3 crimes that could lead to an order of restitution in Texas

A judge presiding over a criminal case in Texas has the authority to implement a variety of different penalties. Depending on the offense in question, state statutes may allow judges to incarcerate people. They could also order them to undergo extensive state supervision in the form of probation, to perform community service and to pay large fines.

Sometimes, there are special penalties that relate to the type of offense that occurred. For example, those involved in drunk driving incidents could potentially lose their driver’s licenses. When someone’s actions have a negative economic impact on another party, a judge could theoretically order financial restitution. The defendant may need to provide financial support to the affected parties.
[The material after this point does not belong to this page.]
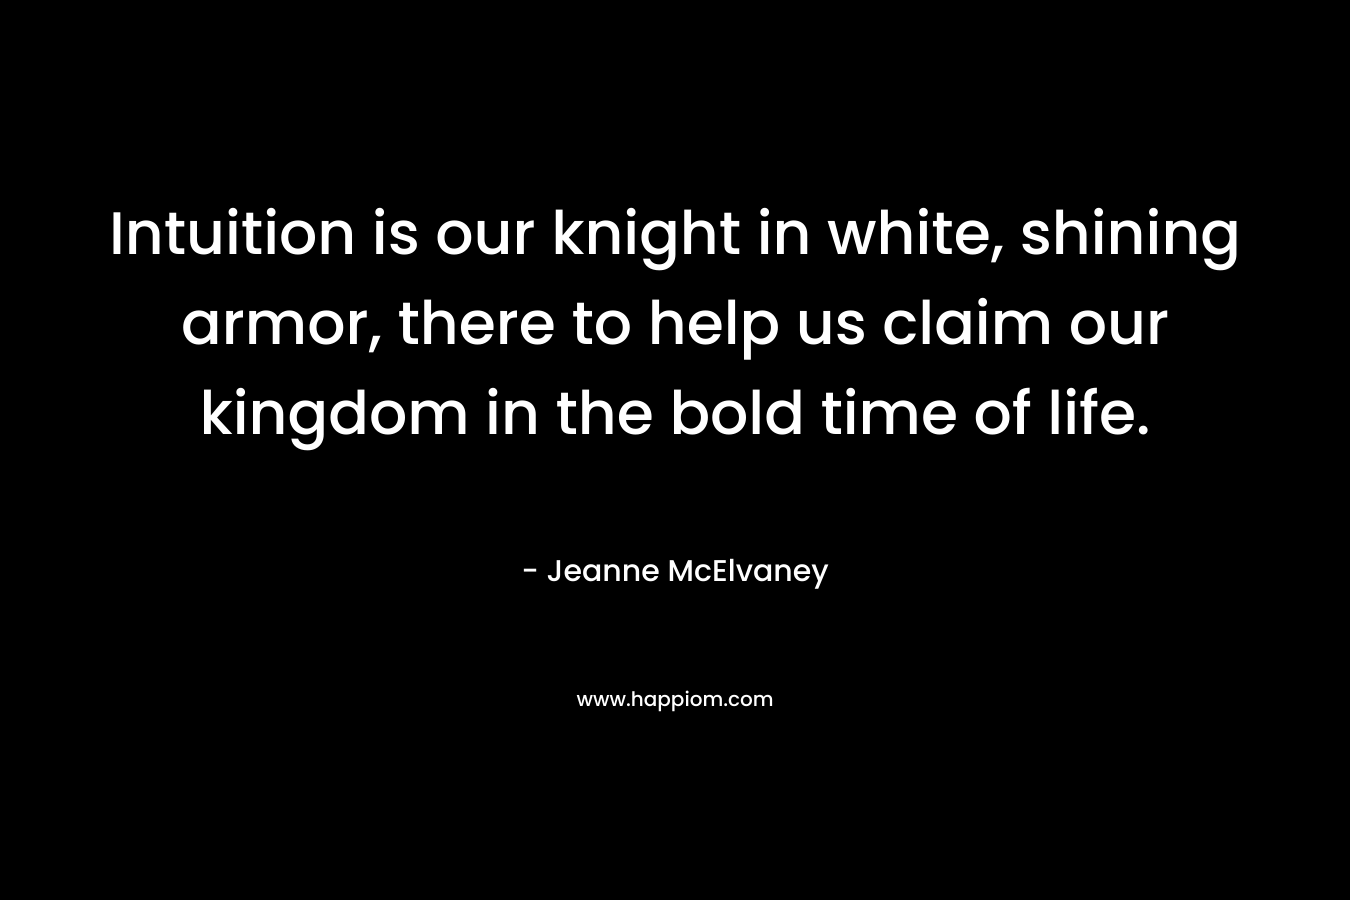 Intuition is our knight in white, shining armor, there to help us claim our kingdom in the bold time of life.

What types of crimes often lead to judges ordering financial compensation for the people affected in addition to court costs and fines?
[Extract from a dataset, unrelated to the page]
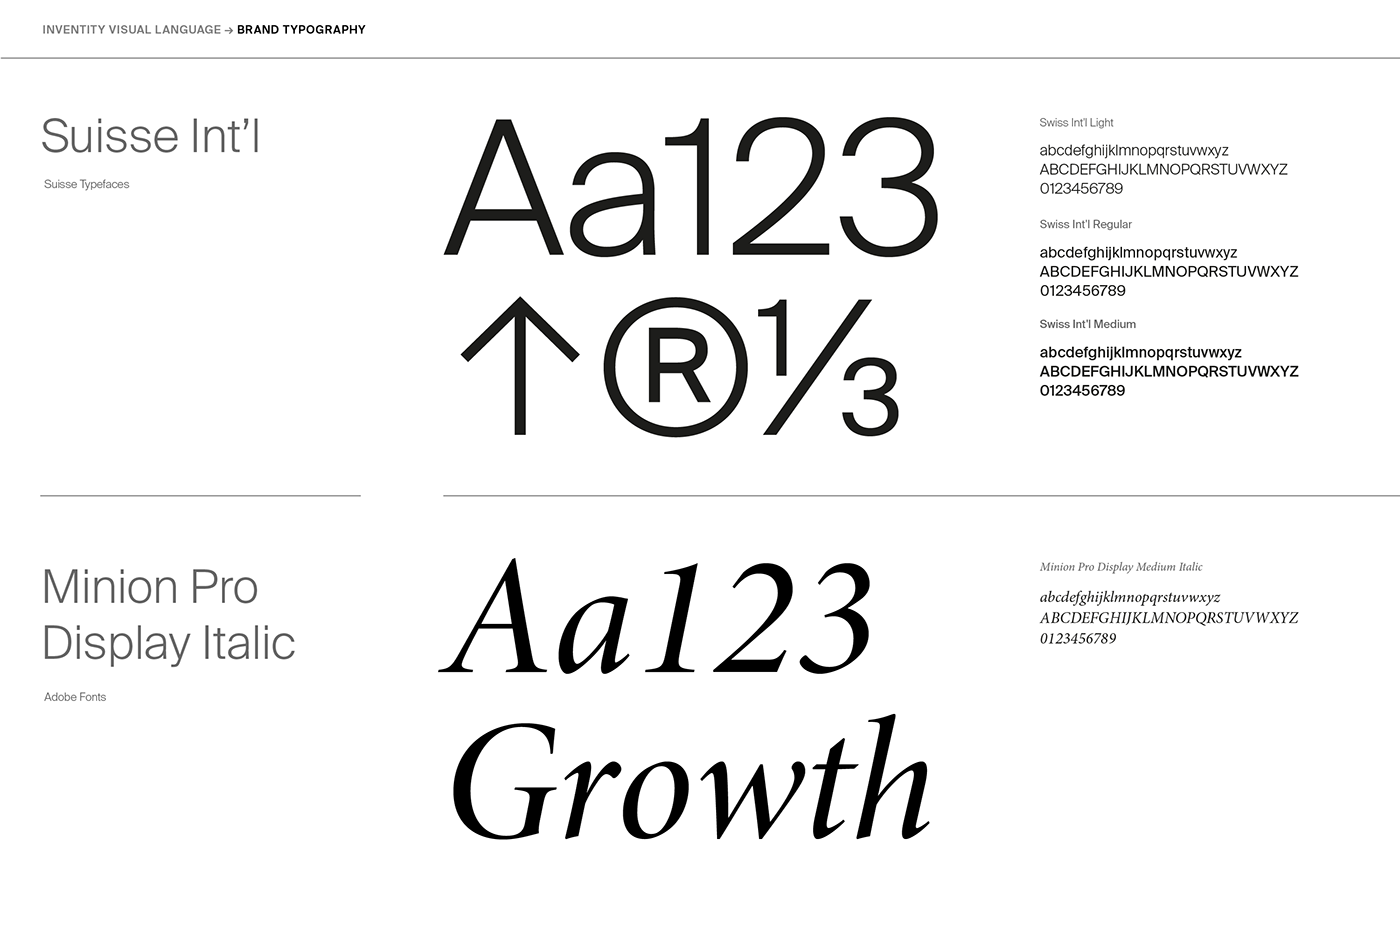 Artifact from the Inventity Foundation Branding: A Cohesive Visual Identity System article on Abduzeedo

Assaults and other violent crimes

When one person intentionally causes physical injury to someone else, the injured party could have major medical expenses. A punch to the face could cause figuring scars or a traumatic brain injury. Both of those medical challenges could affect someone’s earning potential and generate significant expenses. When violent crimes traumatize people, generate medical expenses or affect their earning potential, the defendant facing prosecution could be at risk of an order of restitution.
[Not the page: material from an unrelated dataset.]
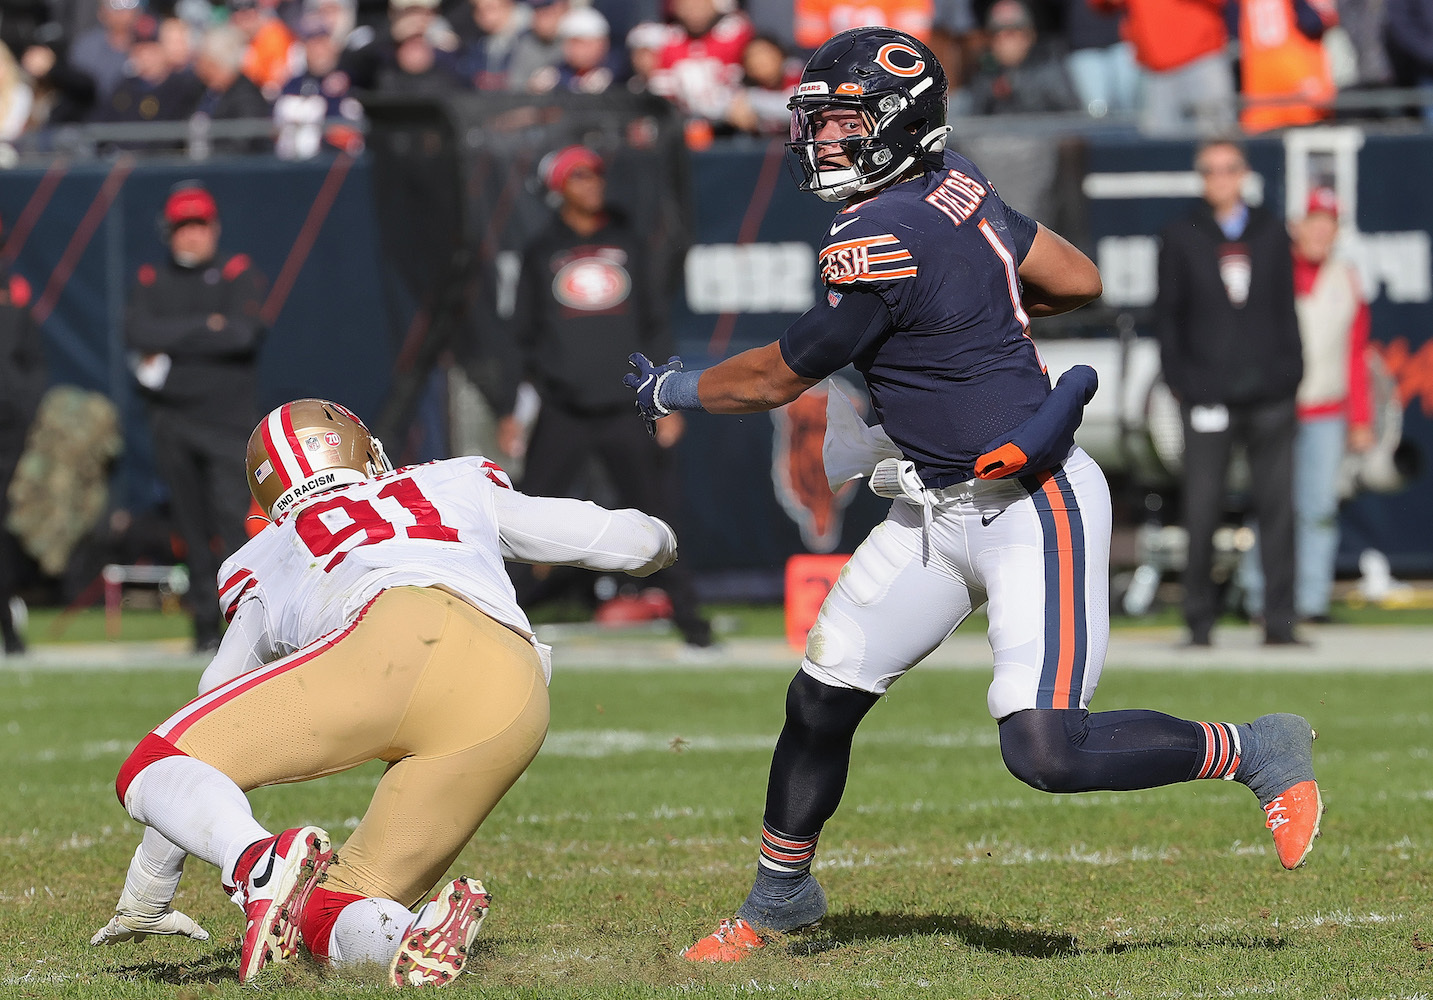 CHICAGO, ILLINOIS - OCTOBER 31: Justin Fields #1 of the Chicago Bears breaks a tackle by Arik Armstead #91 of the San Francisco 49ers at the start of a touchdown run at Soldier Field on October 31, 2021 in Chicago, Illinois. The 49ers defeated the Bears 33-22. (Photo by Jonathan Daniel/Getty Images)

White-collar criminal offenses

Financial crimes can have a negative impact on businesses as well as individuals. Investment fraud or embezzlement could deprive someone of the resources that they need for their financial stability. Texas judges have the authority to order restitution after someone’s conviction for white-collar criminal offenses that had financial consequences for others.

Impaired driving charges

Someone accused of a driving while intoxicated (DWI) offense could face prosecution because of a crash. The courts could then hold the impaired motorist responsible for property damage expenses and injuries generated by the crash. Especially if someone does not have adequate car insurance, the DWI could lead to substantial restitution requirements.

Restitution can complicate someone’s already difficult situation when they have entered a plea of guilty or gotten convicted of an offense. Defendants typically do not have any control over restitution orders and must fulfill them to avoid additional penalties. The best way to prevent financially devastating restitution orders is to successfully defend against pending criminal allegations. Mounting a vigorous defense can potentially help someone to avoid incarceration and financial consequences for alleged criminal activity.